_Exercise details_:
Copy the listing exactly as given. Omit every picture.

_Data segment_:
*** Begin section ***
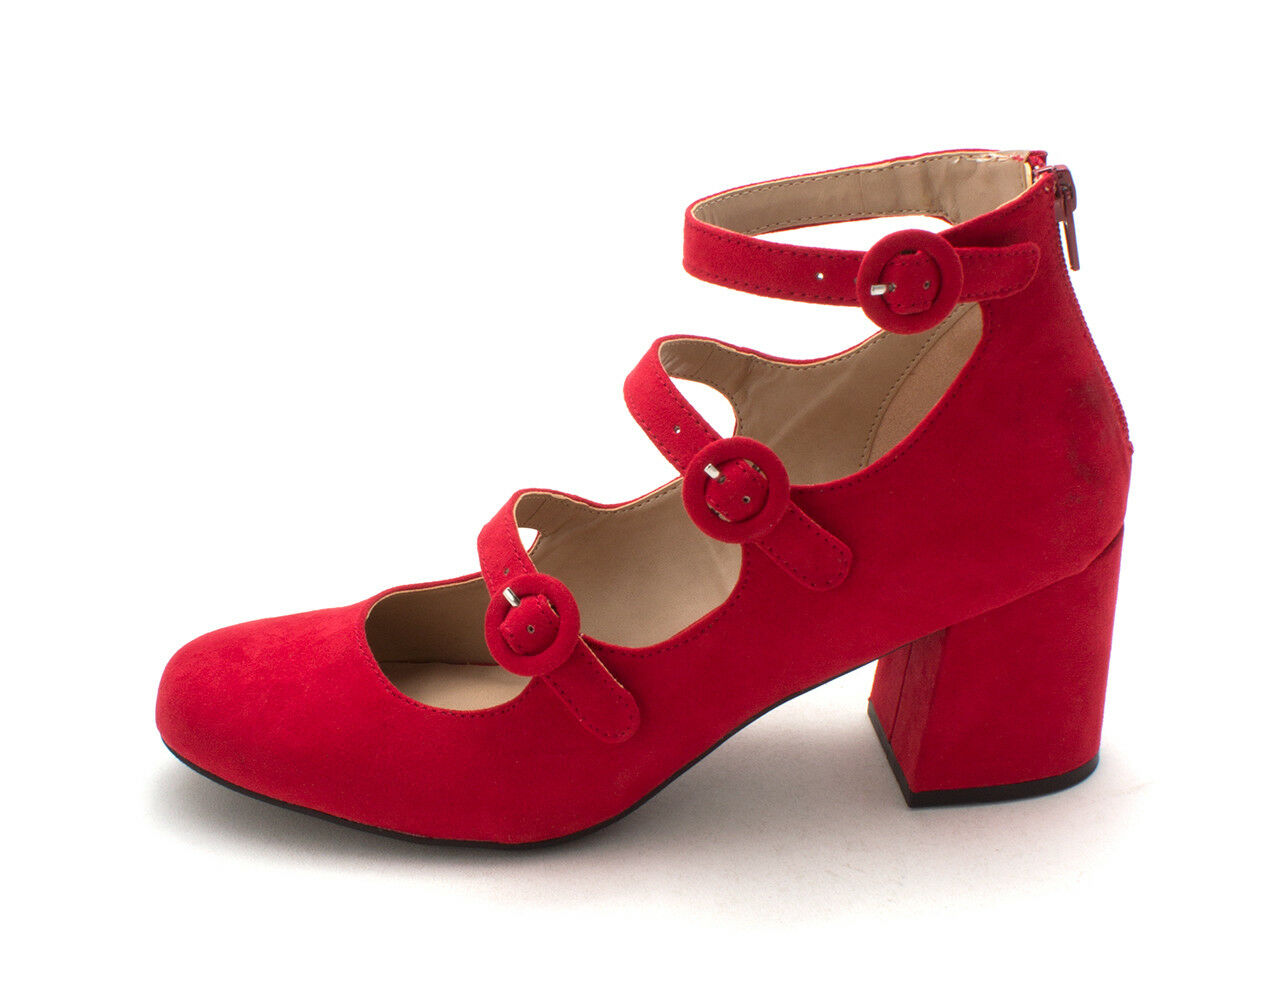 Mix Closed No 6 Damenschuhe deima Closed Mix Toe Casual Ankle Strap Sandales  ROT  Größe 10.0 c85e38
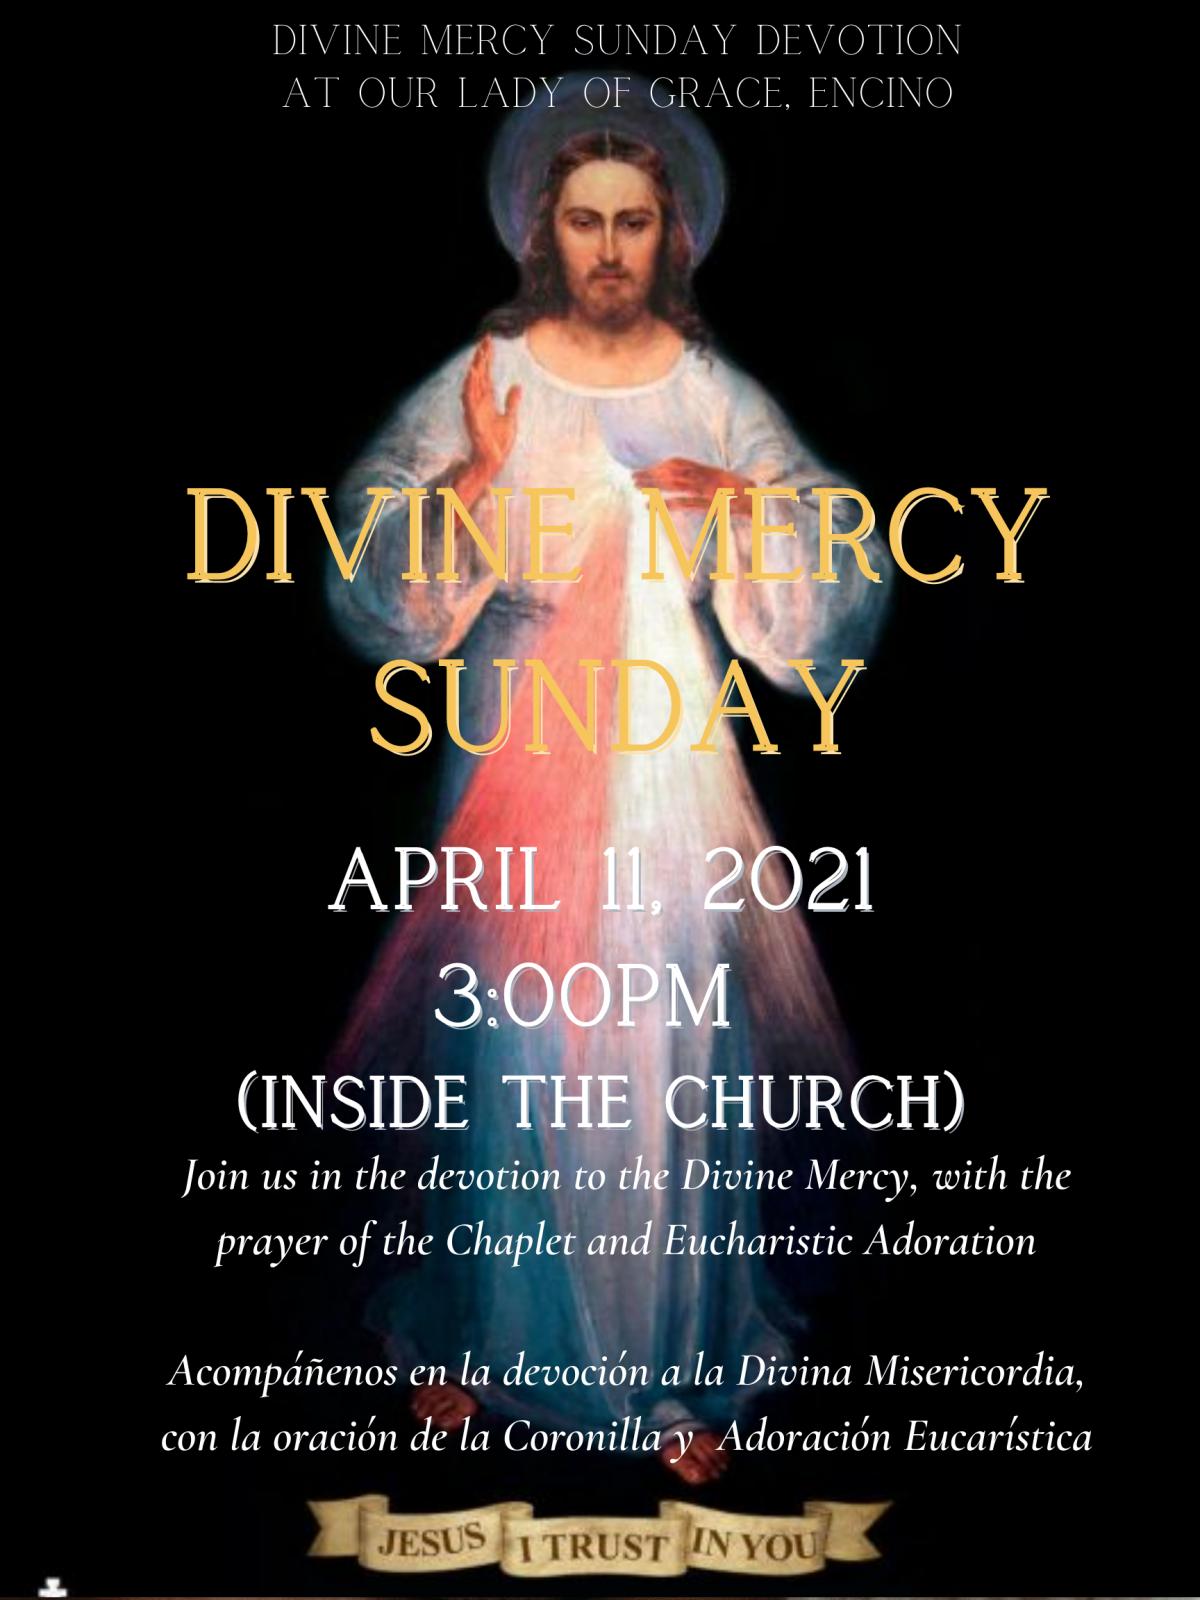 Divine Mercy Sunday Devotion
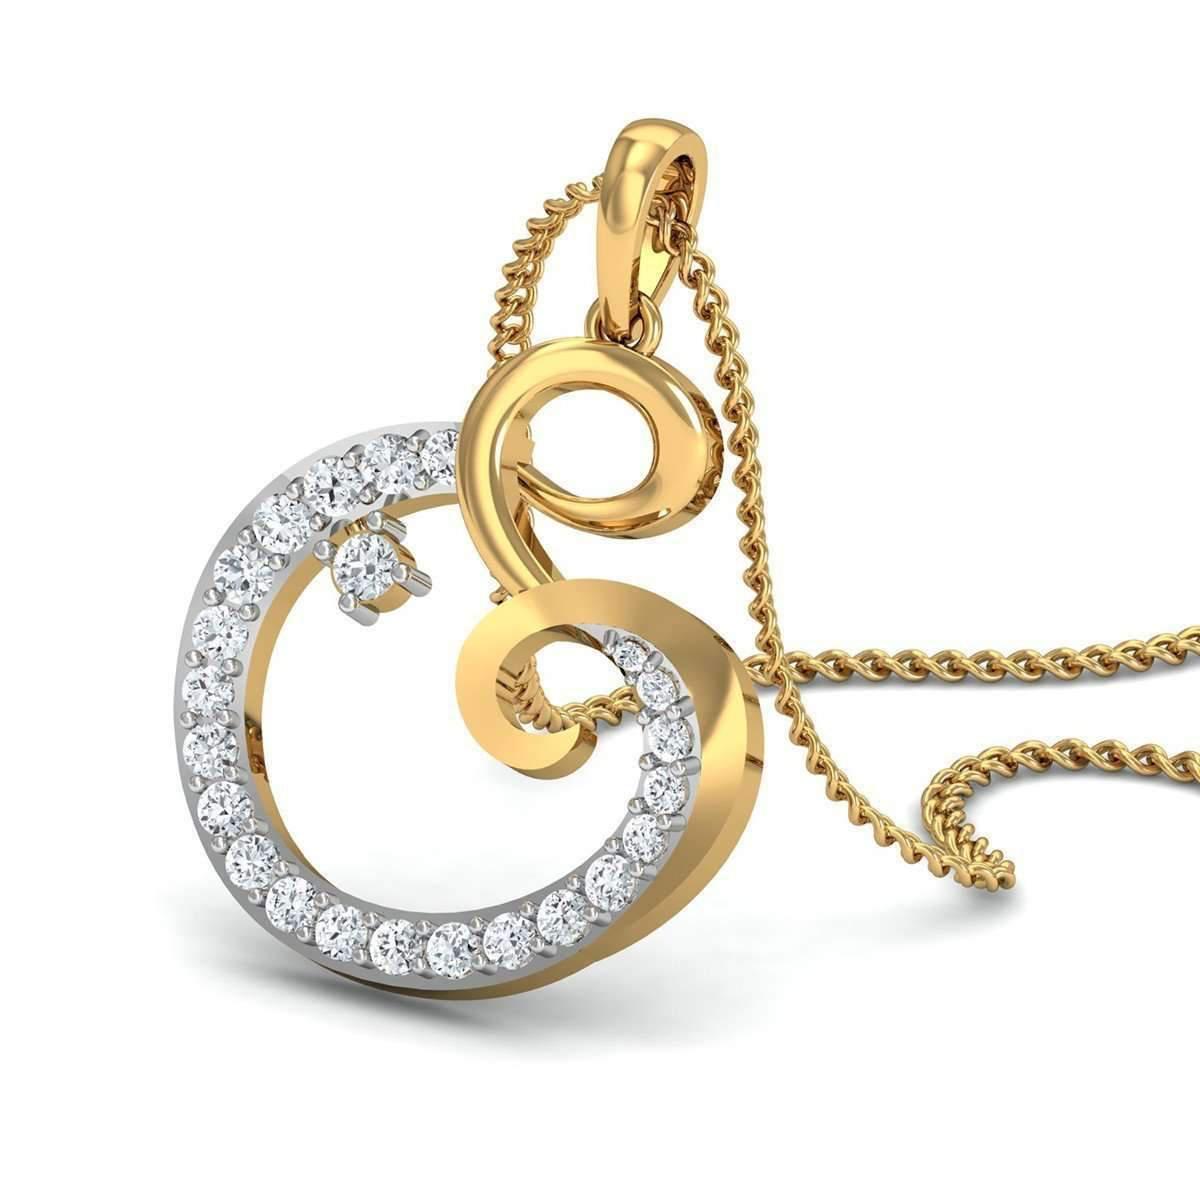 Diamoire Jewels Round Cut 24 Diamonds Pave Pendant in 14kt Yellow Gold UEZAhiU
*** End section ***
_Result below_:
 Mix Closed No 6 Damenschuhe deima Closed Mix Toe Casual Ankle Strap Sandales  ROT  Größe 10.0 c85e38
 Divine Mercy Sunday Devotion
 Diamoire Jewels Round Cut 24 Diamonds Pave Pendant in 14kt Yellow Gold UEZAhiU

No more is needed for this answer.